The quarantine order from Cuomo and Christie requires 21-day confinement for anyone who has come into contact with Ebola patients in Sierra Leone, Guinea or Liberia, the three countries hardest hit by the epidemic.

They announced the move after Spencer, who had treated Ebola patients in Guinea, came down with the virus. Spencer had visited several places in the city, including a restaurant and a bowling alley, before developing a fever and contacting health officials on Thursday. Health officials have stressed that he was not contagious before developing symptoms.

Shortly after Christie and Cuomo acted, Illinois Gov. Pat Quinn issued a similar quarantine order. “This protective measure is too important to be voluntary,” Quinn said. “We will continue to take every safeguard necessary to protect first responders, health care workers and the people of Illinois.”

Fauci, the director of the National Institute of Allergy and Infectious Diseases, said that the public could be protected without going as far as a quarantine and that ordering people confined for an extended period could result in “unintended consequences.”

“Let’s not forget the best way to stop this epidemic and protect America is to stop it in Africa,” he said on ABC’s “This Week.” “And you can really help (stop) it in Africa if we have our people, our heroes, the health care workers, go there and help us to protect America.”
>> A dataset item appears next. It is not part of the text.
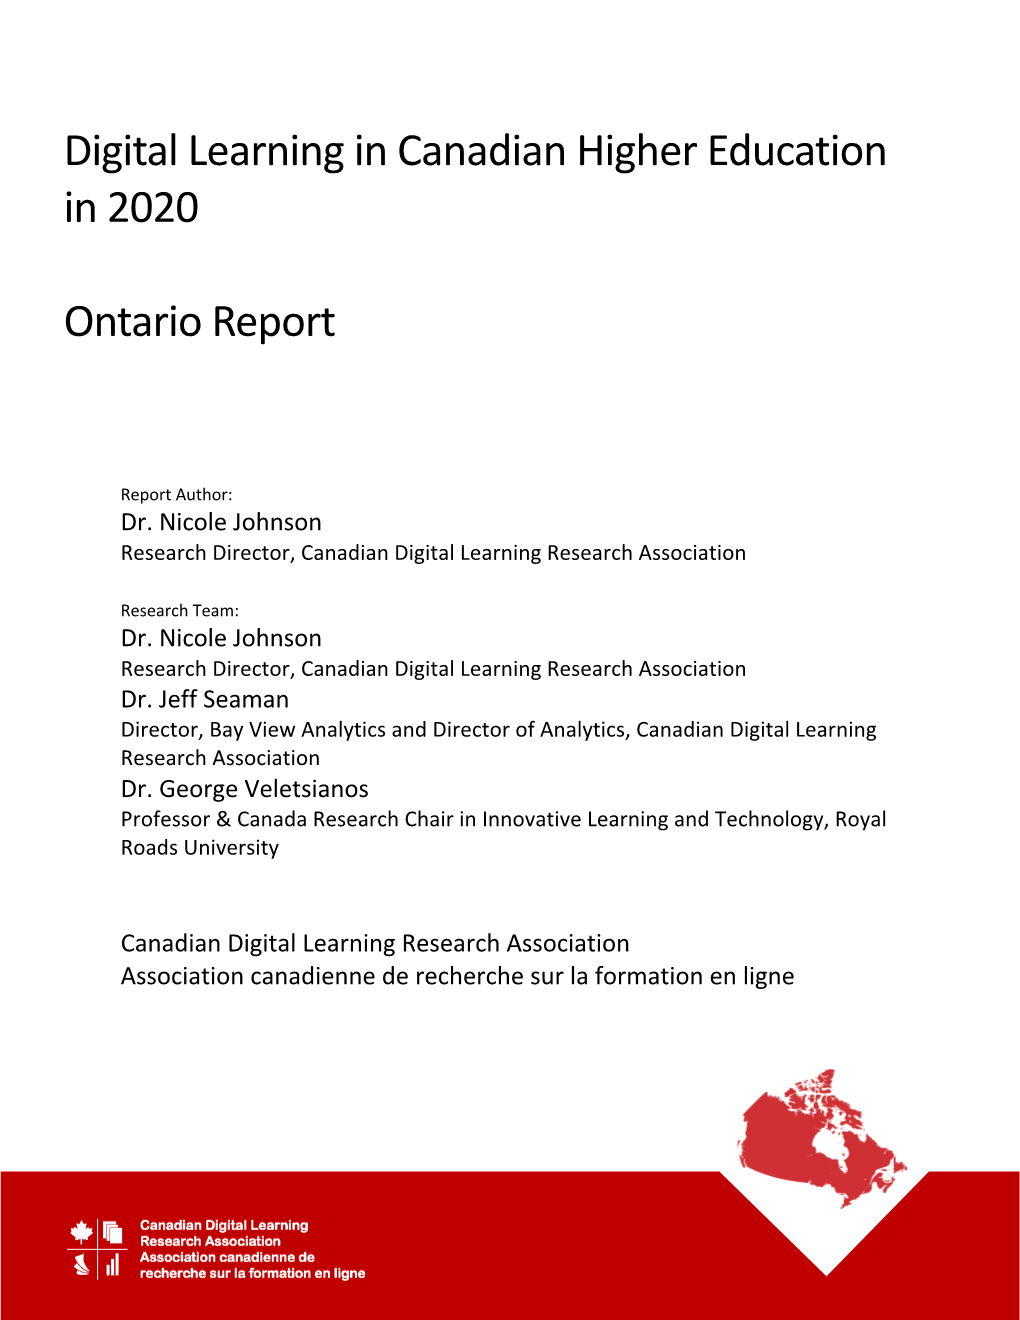 Digital Learning in Canadian Higher Education in 2020
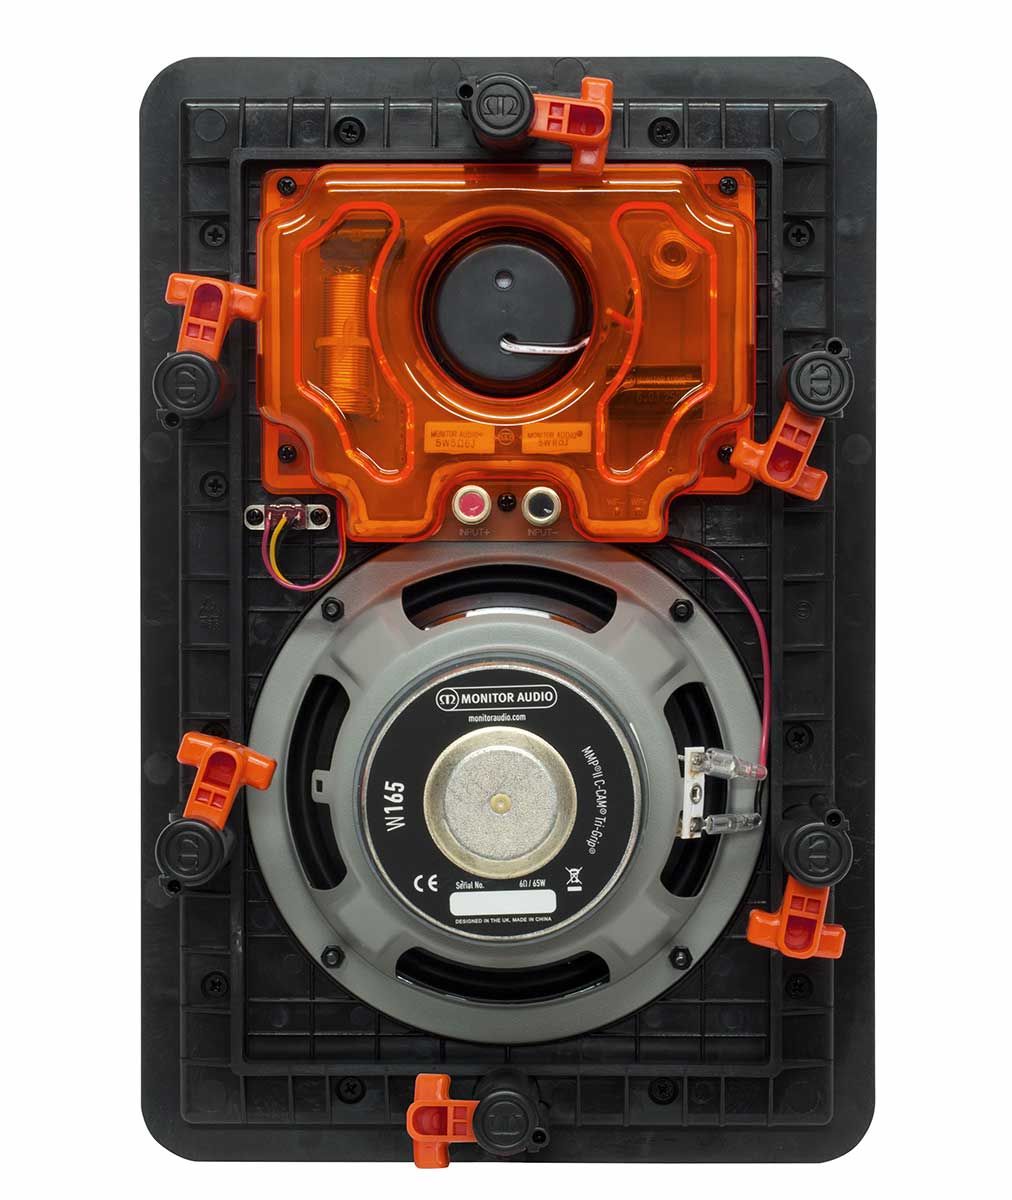 Monitor Audio W165 Series 100 In-Wall Speaker, rear view

A senior administration official, speaking anonymously in accordance with White House policy, said Sunday that the administration was working on new guidelines for returning health care workers. Administration officials had let Cuomo, Christie and other governors “know that we have concerns with the unintended consequences … policies not grounded in science may have on efforts to combat Ebola at its source in West Africa,” the official said.

New rules for health care workers returning from Africa could include mandatory temperature check-ins twice a day or daily visits from public health workers, Fauci said on NBC‘s “Meet the Press.”

Samantha Power, the U.S. ambassador to the United Nations, who is on a fact-finding mission to West Africa, similarly warned against measures that might discourage health care workers from volunteering to fight the epidemic, which has killed nearly 5,000 people in Africa.

“We have to find the right balance between addressing the legitimate fears that people have and encouraging and incentivizing these heroes,” she told NBC after landing in Guinea.

“We need to find a way when they come home that they are treated like conquering heroes and not stigmatized for the tremendous work that they’ve done.”